### GIVEN MATERIAL

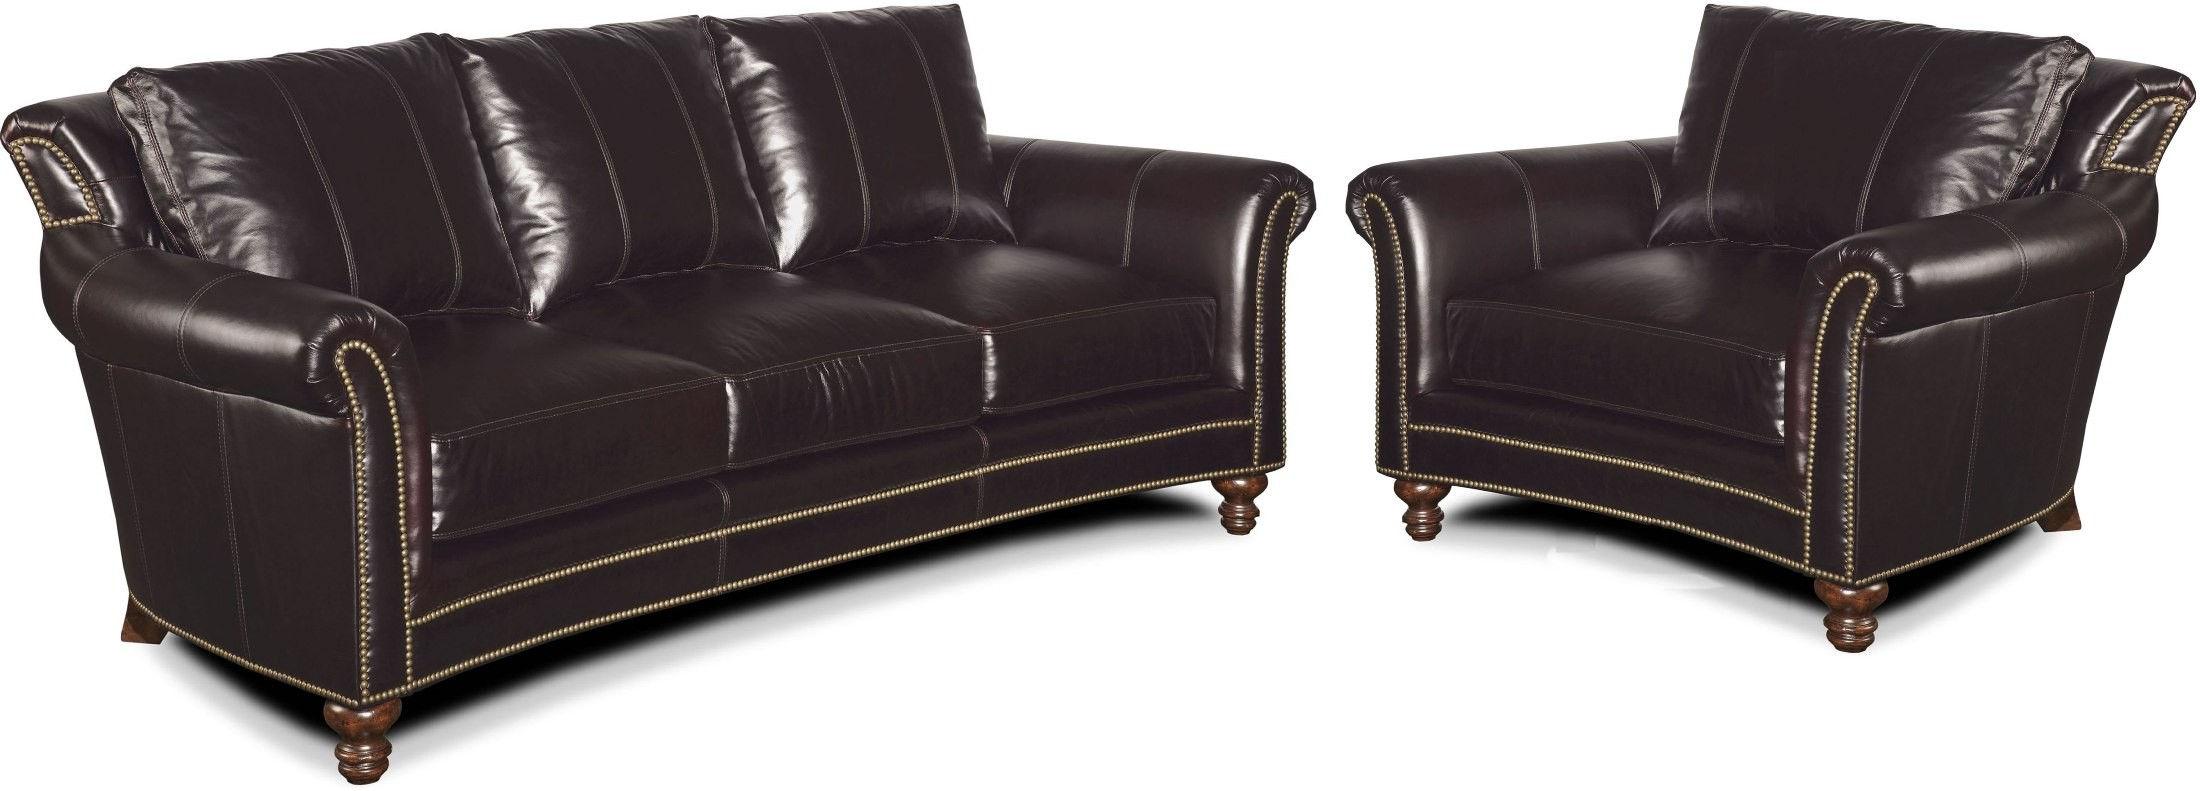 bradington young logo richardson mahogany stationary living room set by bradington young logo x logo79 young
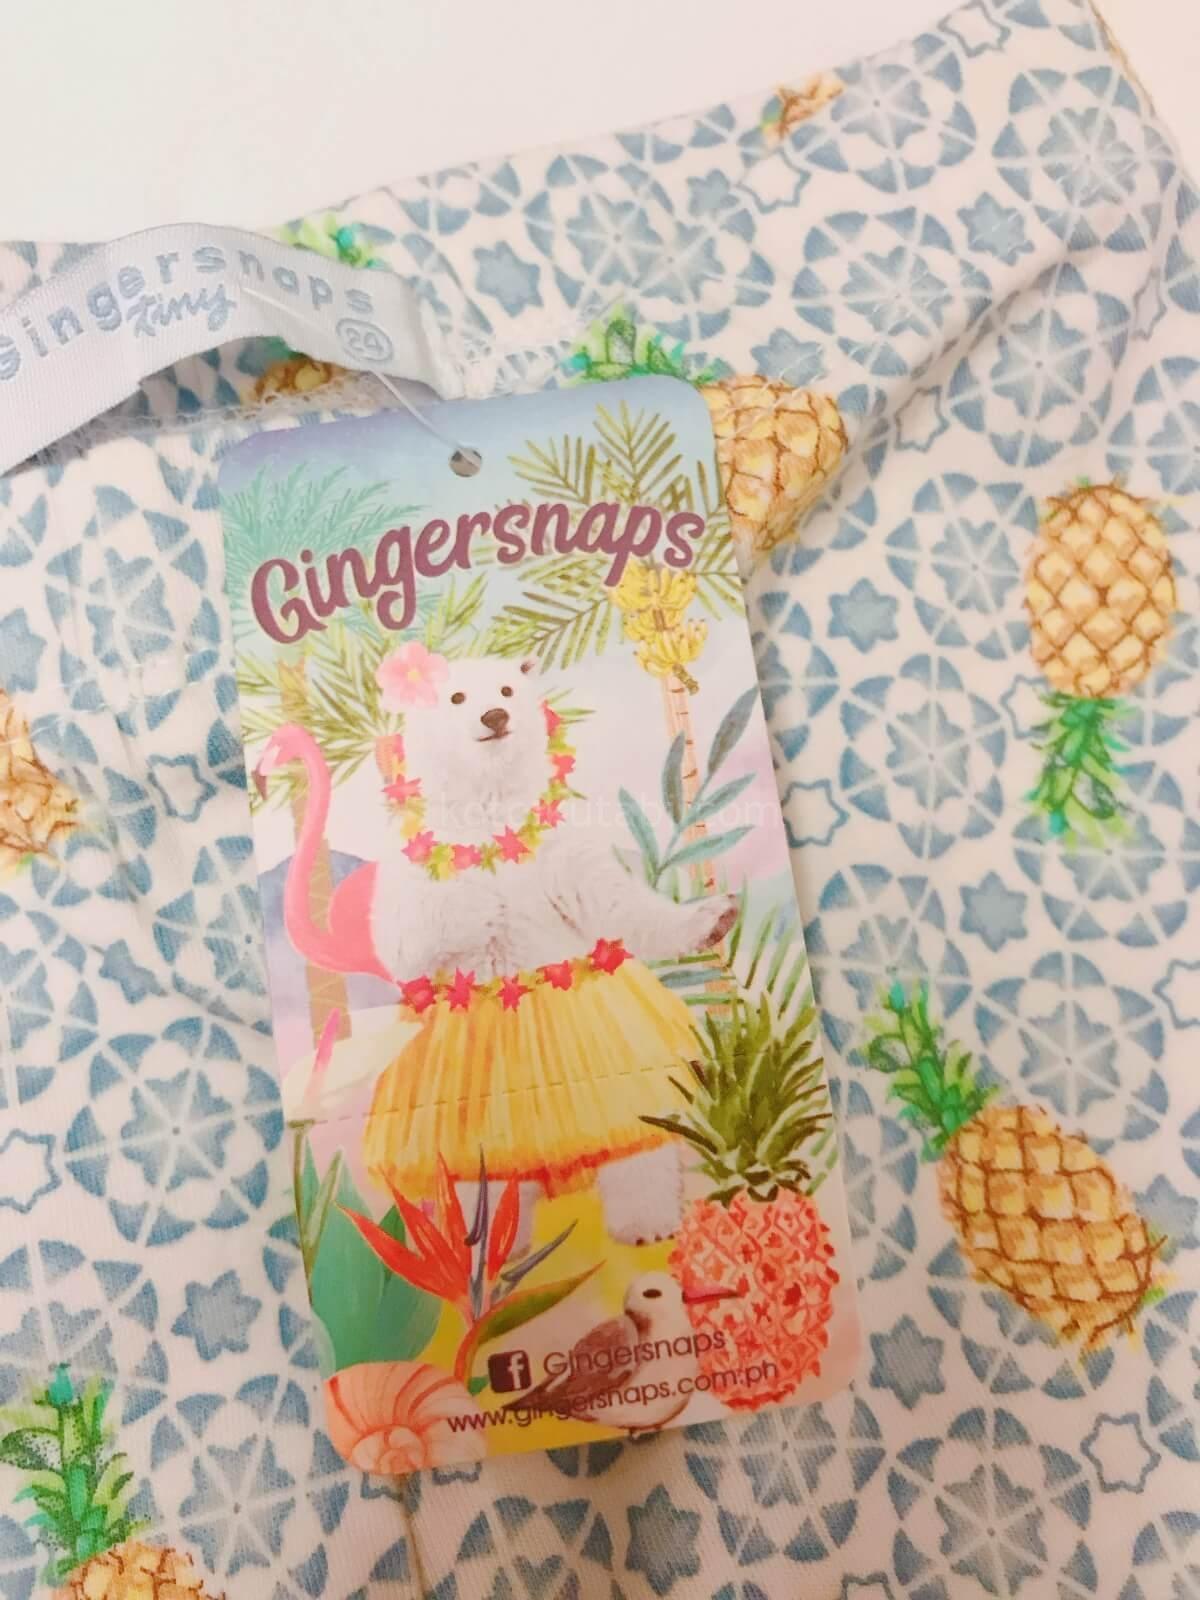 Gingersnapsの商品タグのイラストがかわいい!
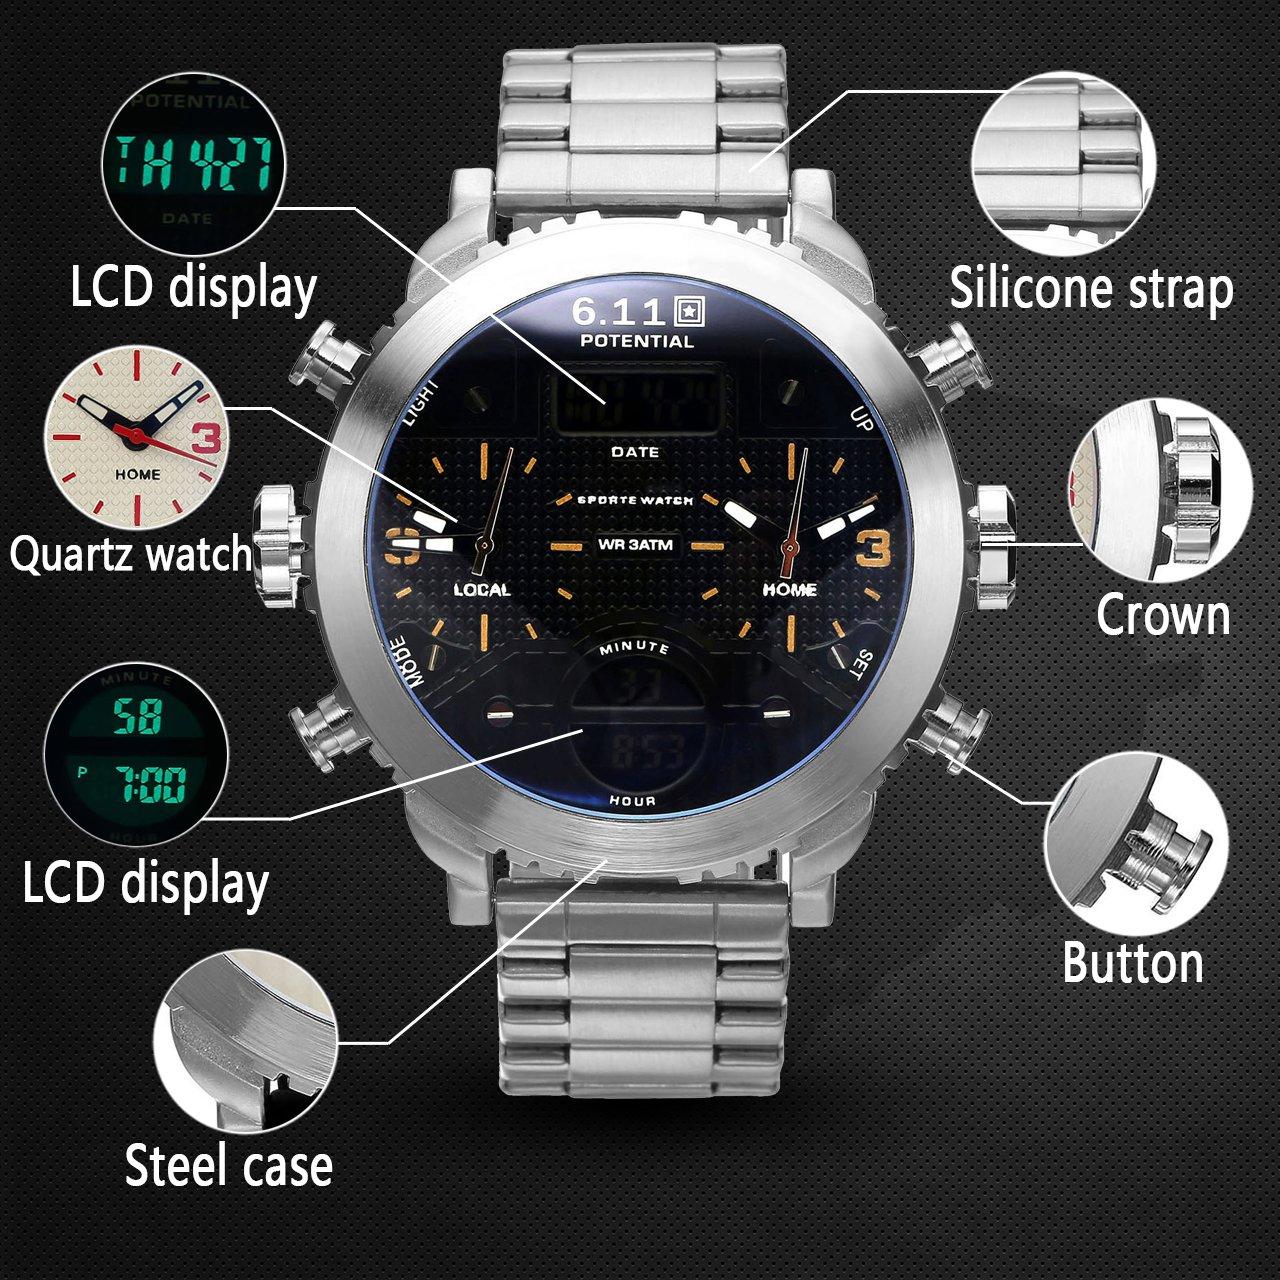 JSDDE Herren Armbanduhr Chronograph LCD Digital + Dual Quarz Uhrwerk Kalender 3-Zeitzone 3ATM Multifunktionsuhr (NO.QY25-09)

### EXERCISE DETAILS
Would you copy out the material above exactly, without the pictures in it?

### EXPECTED OUTPUT
 bradington young logo richardson mahogany stationary living room set by bradington young logo x logo79 young
 Gingersnapsの商品タグのイラストがかわいい!
 JSDDE Herren Armbanduhr Chronograph LCD Digital + Dual Quarz Uhrwerk Kalender 3-Zeitzone 3ATM Multifunktionsuhr (NO.QY25-09)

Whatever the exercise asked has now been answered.